Offensive and Defensive Rebounding Percentages Are Not Correlated

But perhaps an even bigger reason to use offensive rebounding percentage and defensive rebounding percentage is simply that the two measure entirely different things. Why lump them together (along with other confounding factors) into rebounding margin?

I’m certainly not the first person to bring this up. A famous (to stat geeks, at least) example is John Gasaway’s Rebound Margin Must Die.

But John’s post was distinctly lacking in charts, which are a staple of any geek’s reading diet. So, here is John’s argument, summed up in visual form:

Many teams grab a high rate of defensive rebounds, and a low rate of offensive rebounds, or vice versa.

This is clearly often a strategic choice; as teams put more or less emphasis on transition offense or defense, rebounding will suffer or improve as a result.

However, offensive and defensive rebounding do take slightly different skill sets, as well. Defensive rebounders generally start with a positional advantage when a shot is released, so defensive rebounding is more about blocking out, while offensive rebounding is more about maneuvering around an obstacle.

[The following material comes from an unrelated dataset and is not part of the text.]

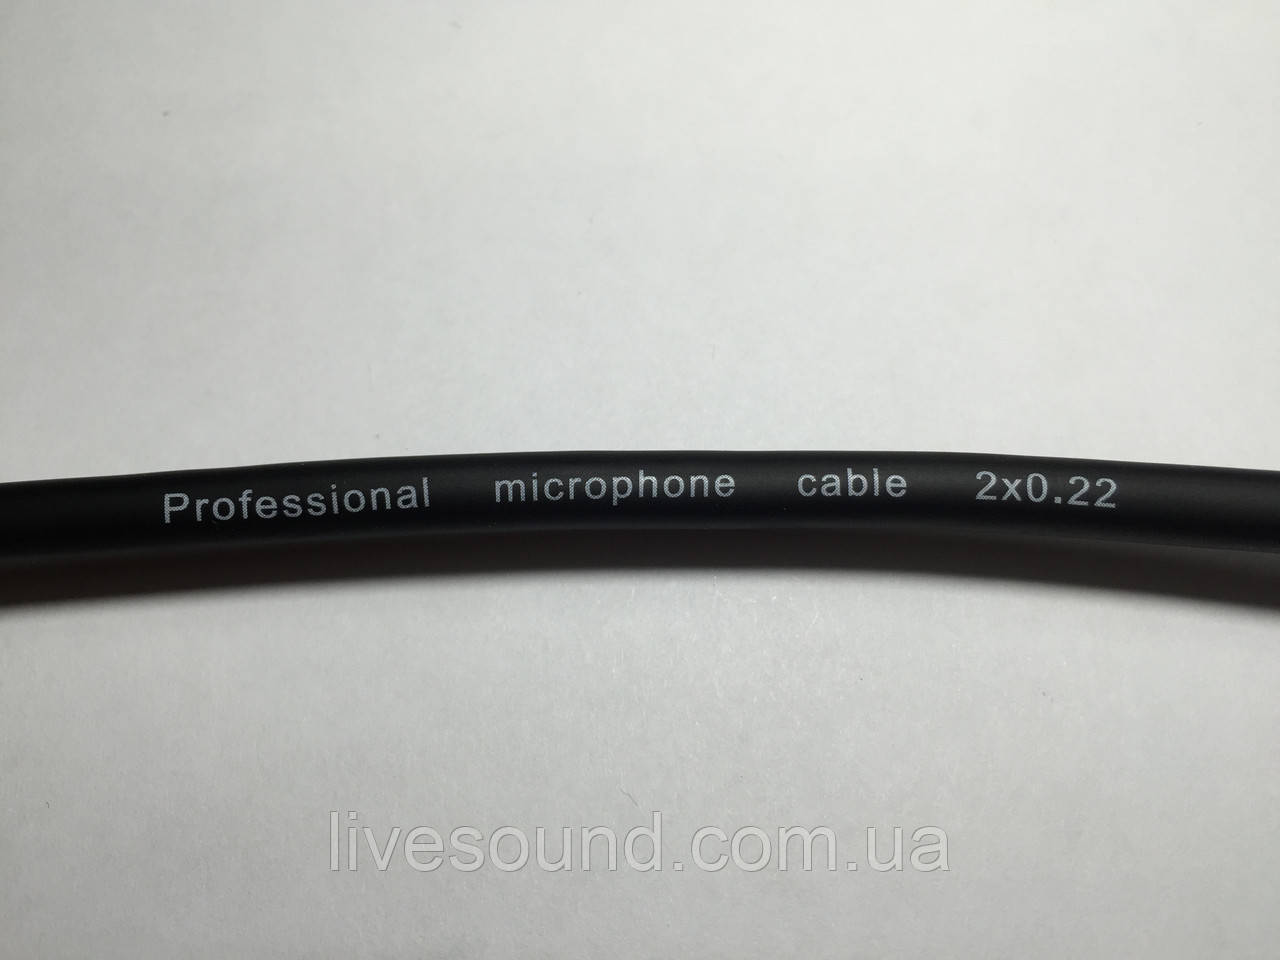 Professional Microphone Cable 2x0.22

Think of the difference between an offensive linemen and a defensive linemen. While many of the physical gifts necessary to excel at the two tasks are the same, the specific skills and footwork involved are not.

Spread The Gospel Of Rebounding Percentages

The moral of the story here is that offensive and defensive rebounding percentage tell us more about a team’s actual rebounding skills than rebounding margin does.

Unfortunately, merely being better doesn’t cut it. Until these stats are widely accessible and easy to use, people will stick with what’s in front of their nose. As Mike put it:

@tsnmike: @heymarnold You know, I haven’t seen “rebound percentage” in a box score yet. Let me know when that shows up, and I’ll consider it.

So, write a letter to the editor! Call your Congressman! Tweet at every ESPN personality you can find online! Let’s get OR% and DR% wider acceptance, and take away one of the easiest excuses not to use them.

  • John

    what is the difference between offensive rebounds and rebounding offense

    same Q for defense

  • http://www.teamrankings.com/ David Hess

    John — I don’t know what you mean by “rebounding offense” but offensive rebounds are rebounds that a team collects off of their own missed shots (i.e. at their offensive end of the floor). Defensive rebounds are rebounds collected off of missed shots by the opponent.